Der Chef blickte auf und sagte:
– Ach, da sind Sie! Aber Sie sehen ja ganz sonderbar aus. Warum sind Sie denn nicht zum Essen zu uns gekommen? Wo kommen Sie denn her?
Der junge Mann erklärte, seiner Wirkung sicher, indem er jedes Wort einzeln betonte:
– Ich habe eben den Minister des Äußern gestürzt!
Der Chef meinte, er mache einen Spaß:
– Wieso denn gestürzt?
– Ich werde einen Kabinettswechsel veranlassen, weiter nichts. Es war an der Zeit, das Aas hinauszuschmeißen.
Der Alte war ganz paff und dachte, daß sein Redakteur betrunken wäre: – Reden Se keinen Stuß!
– Durchaus nicht. Ich habe eben Herrn Laroche-Mathieu beim Ehebruch mit meiner Frau ertappt. Der Polizeikommissar hat die Sache festgestellt. Der Minister ist futsch.
Walter schob ganz erschrocken seine Brille auf die Stirn und fragte:
– Sie wollen mich wohl zum Besten halten?
– Durchaus nicht! Ich werde sogar sofort einen Artikel darüber schreiben!

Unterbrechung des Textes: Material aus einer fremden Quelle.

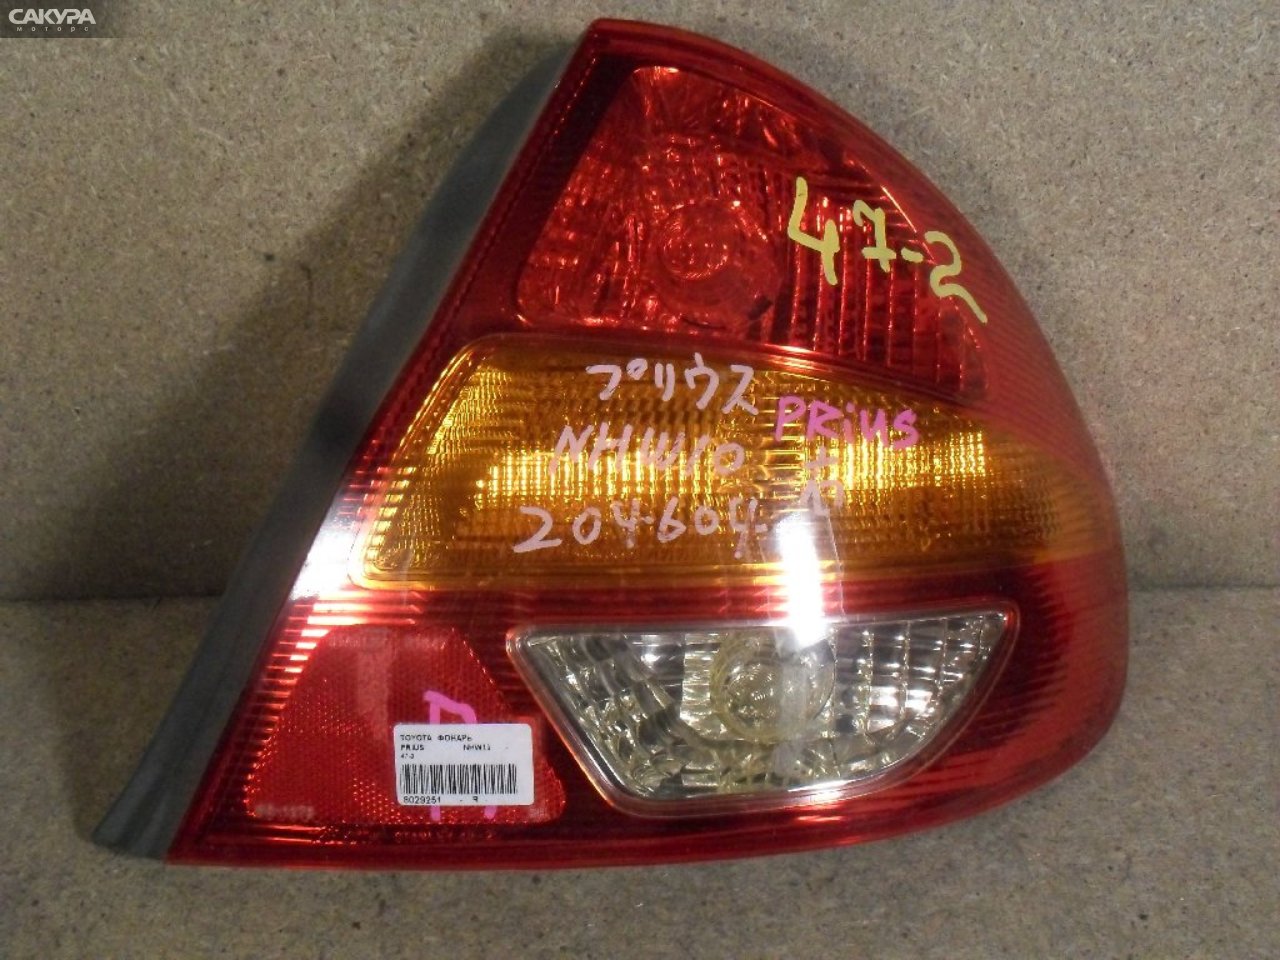 Фонарь стоп-сигнала правый Toyota Prius NHW10 47-2: купить в Сакура Абакан.

– Ja, was wollen Sie denn damit?
– Ich will diesen Gauner, diesen Elenden, diesen gemeingefährlichen Verbrecher stürzen! – Er warf den Hut auf den Stuhl und fügte hinzu:
– Wer mir ins Gehege kommt, der mag sich hüten! Ich verzeihe nie!
Der Chef, der noch immer nicht begriff, brummte:
– Aber . . . Ihre Frau!
– Meine Scheidungsklage wird morgen eingereicht. Ich schicke sie dem seligen Forestier zurück!
– Sie wollen sich scheiden lassen?
– Das will ich meinen! Ich war der Dumme, aber ich that nur so, um sie abzufassen. Nun ist es so weit, und ich habe das Heft in der Hand!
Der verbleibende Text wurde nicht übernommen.